The second tower is an 80 m tall proprietary tower located near the Columbia River gorge, which divides the southern boundary of Washington and the northern boundary of Oregon. Herein, we refer to this tower as the Pacific Northwest (PNW) tower. The wind speed and direction measurements are collected from a heated cup anemometer and wind vane at 79 and 76 m a.g.l, respectively, over a 1 min averaged period. We perform quality-control measures on the data to remove suspect data using similar quality-control processes as for the M5 tower. We also remove unrealistic wind speed values, such as negative numbers, and remove data associated with waked flow from the PNW tower or nearby turbines. After filtering, 73 % of the data were retained. Data from the PNW tower were made available as part of the DOE-funded second Wind Forecast Improvement Project (WFIPII) that took place from fall 2015 to spring 2017 (A2E, 2017). We use data from this tower for all available dates between 18 March 2015 and 6 March 2017.

2.2 Wind forecasts from HRRR system

Deterministic forecast data are obtained from the second experimental version of NOAA's real-time, HRRR assimilation and model forecast system (HRRRv2). The HRRRv2 domain covers the contiguous US at 3 km horizontal resolution. HRRRv2 is updated hourly with initial conditions from the 13 km Rapid Refresh model and observations via data assimilation. Detailed model physics for HRRRv2 are discussed by Benjamin et al. (2015). The available dates for this version of the HRRR are from 1 January 2015 to 28 September 2016. Forecast verification is performed on this period of interest, which overlaps with the observation availability. For comparison of the 80 m wind speed forecasts to the tower observations, the HRRR forecast values at each tower location are from the nearest model grid cell to the tower latitude and longitude (Fig. 1; map for the PNW tower is not shown for proprietary reasons.) The closest model grid points are 1.65 and 1.49 km away from the M5 and PNW tower, respectively. The topography at the closest grid points is representative of the terrain at each of the tower sites. Since the HRRRv2 forecasts are output hourly, we apply our analyses to the observations that occur at the top of the hour to match the forecast availability. The HRRR output is instantaneous at every hour, but because it represents a 3 km grid cell, comparing this output to the averaged observations is preferred. For the observations and model output, we only analyze dates that have a continuous 12 h segment of data from the 00:00 UTC and 12:00 UTC forecast initialization times to encompass an entire day. These criteria yield  80–150 continuous 12 h forecast segments that overlap with available observations for each initialization time and tower location. The criteria also yield  300–400 continuous 12 h segments of observations for each initialization time and tower location that will be used for forecast verification and the multivariate methods discussed in Sect. 3.3.
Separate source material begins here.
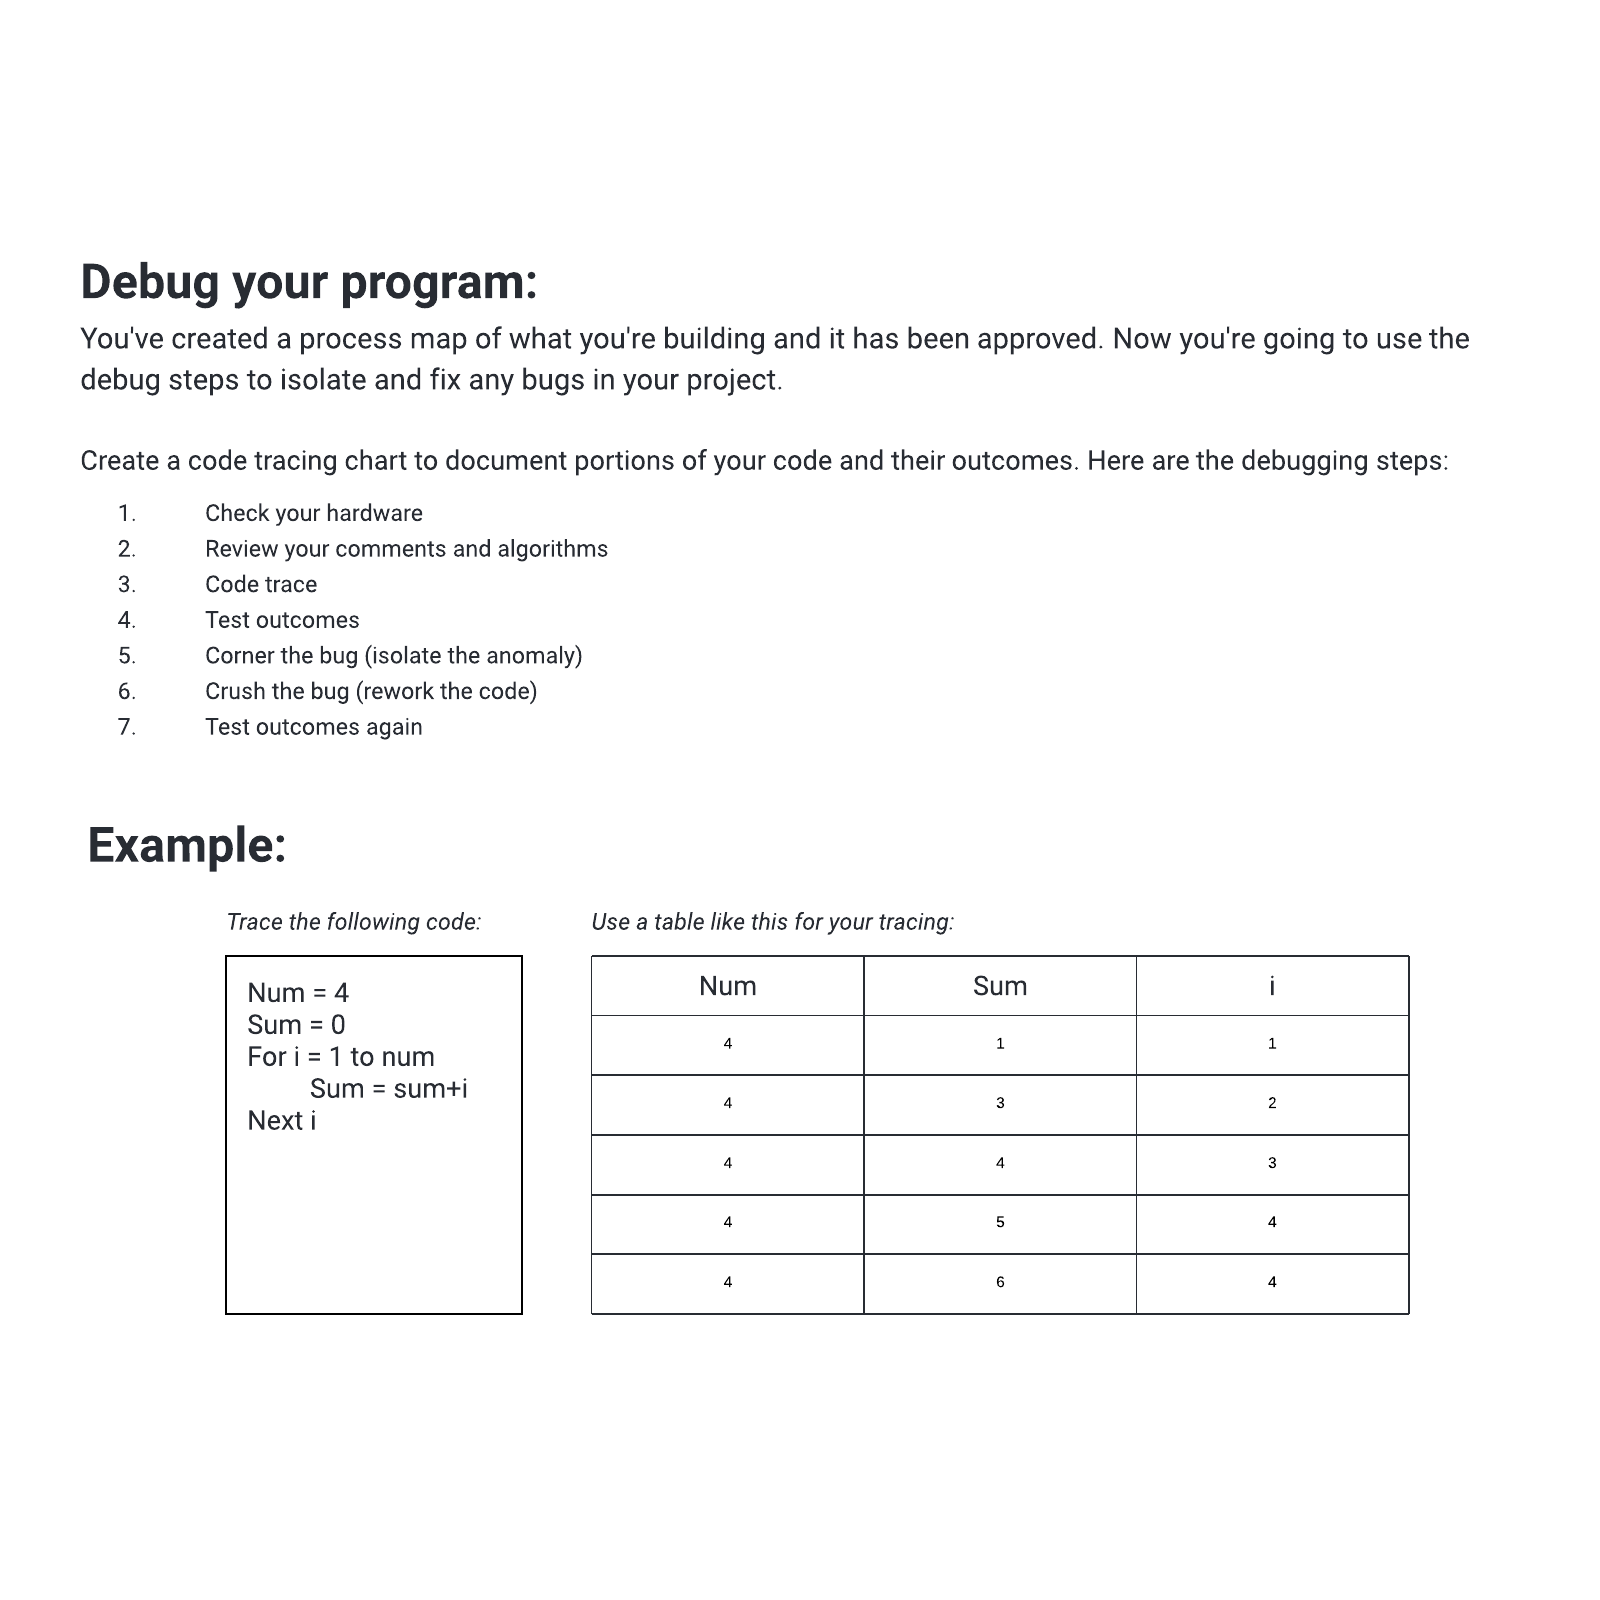 Debug your program example
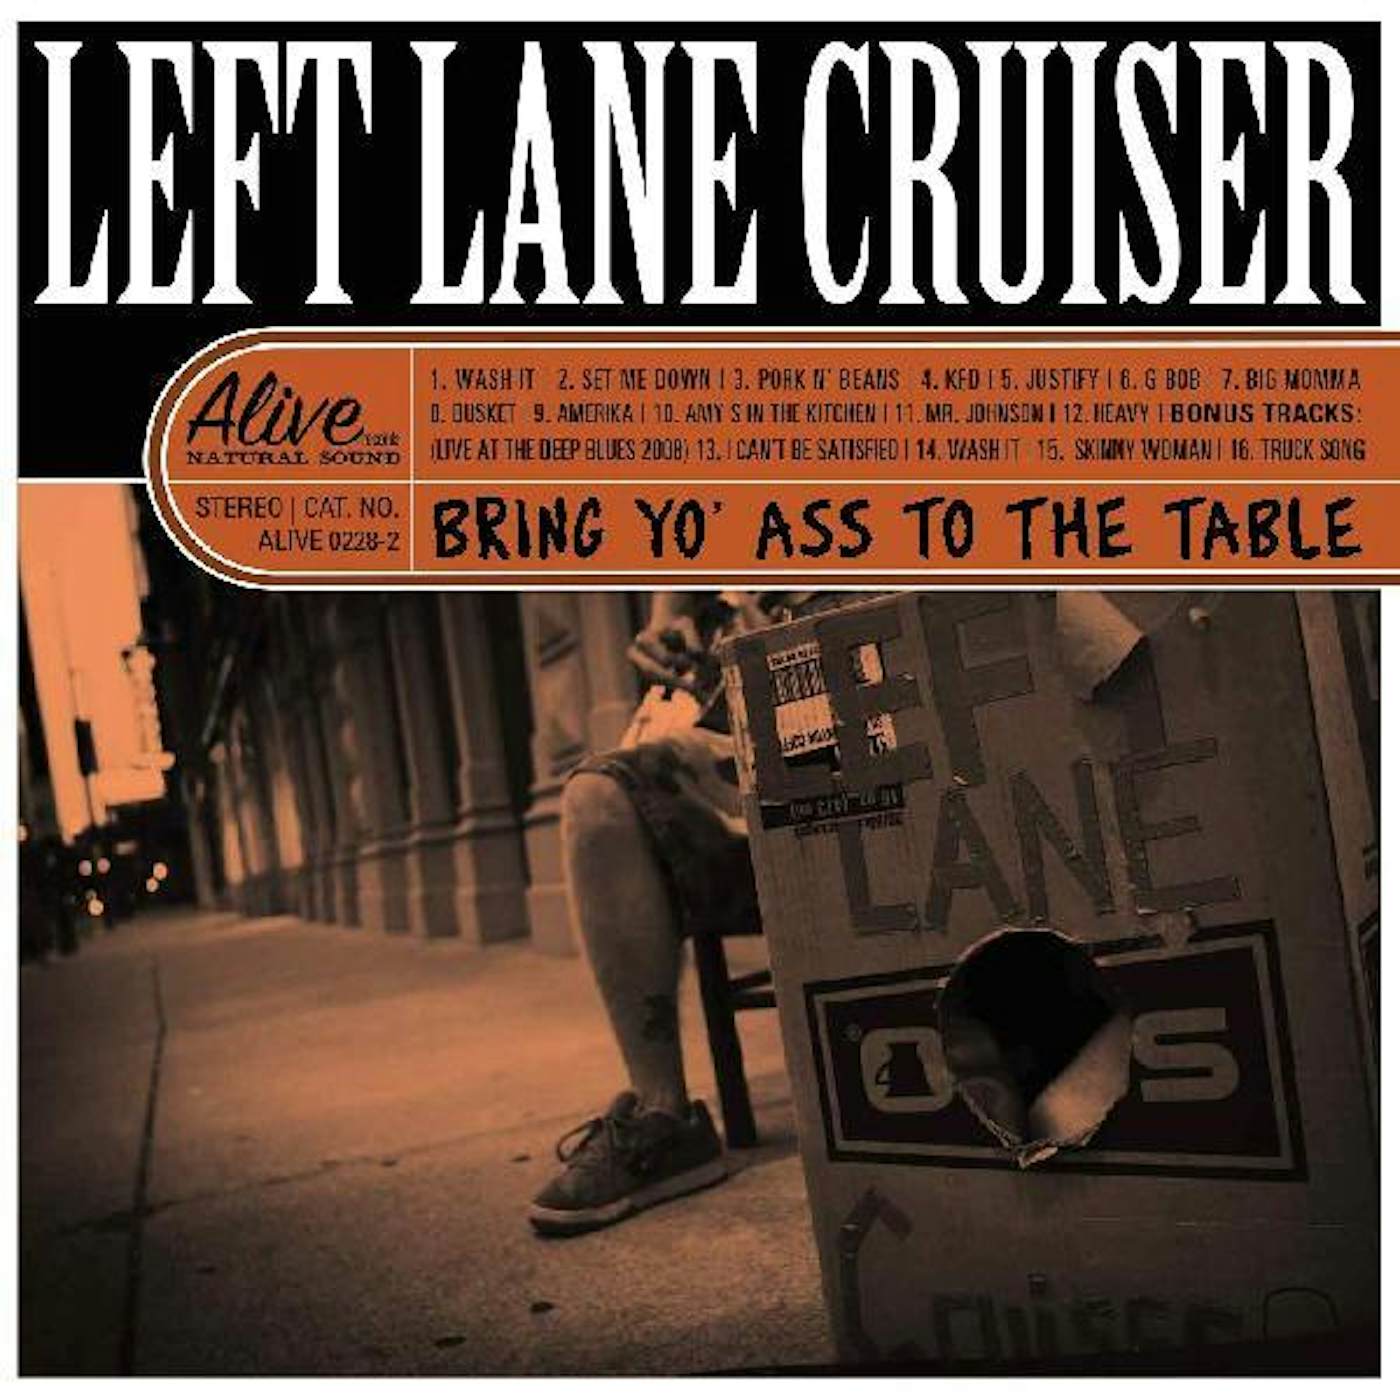 Left Lane Cruiser Bring Yo' Ass To The Table CD

https://www.wind-energ-sci.net/3/371/2018/wes-3-371-2018-f01

Figure 1Model elevation (color contour) surrounding the M5 tower (white triangle). The 50 closest model grid points (dots) are overlaid. The white dot shows the closest model grid point to the M5 tower.

Download

3 Methods

3.1 Ramp definition

Wind power ramps are large changes in power production over short time periods. Despite the significant influence of ramp events on the electric grid and a clear need for accurate forecasts of these events, there is no commonly accepted method to define and identify them. Ramp definitions vary in the literature (Kamath, 2010, 2011; Pinson and Girard, 2012; Bossavy et al., 2013; Bianco et al., 2016) regarding the threshold of power change and the duration over which that change occurs. Variations also exist regarding which data points in a given window of time should be used when calculating the change in power and, lastly, whether to use power time series directly when defining ramps or instead use a filtered time series (Bossavy et al. 2013). Commonalities in the literature include the need to define ramp magnitude, duration, and sign (i.e., up- or down-ramp).

This lack of a standard definition is primarily because what is considered an important ramp event depends on the needs of the wind farm operator or grid-system manager at any given time or location. Here, we employ a combination of the minimum–maximum method used by Pinson and Girard (their Eq. 8, 2012) and that employed in the Ramp Tool & Metric created by Bianco et al. (2016) to generate separate ramp time series for up-ramps and down-ramps. Up-ramps and down-ramps are considered separately because they have different impacts on the power grid and lead to different decisions. Up-ramps may result in a swap of conventional energy sources for cleaner wind power while a down-ramp may result in the opposite and can have more detrimental effects on the grid during periods of high electricity demand.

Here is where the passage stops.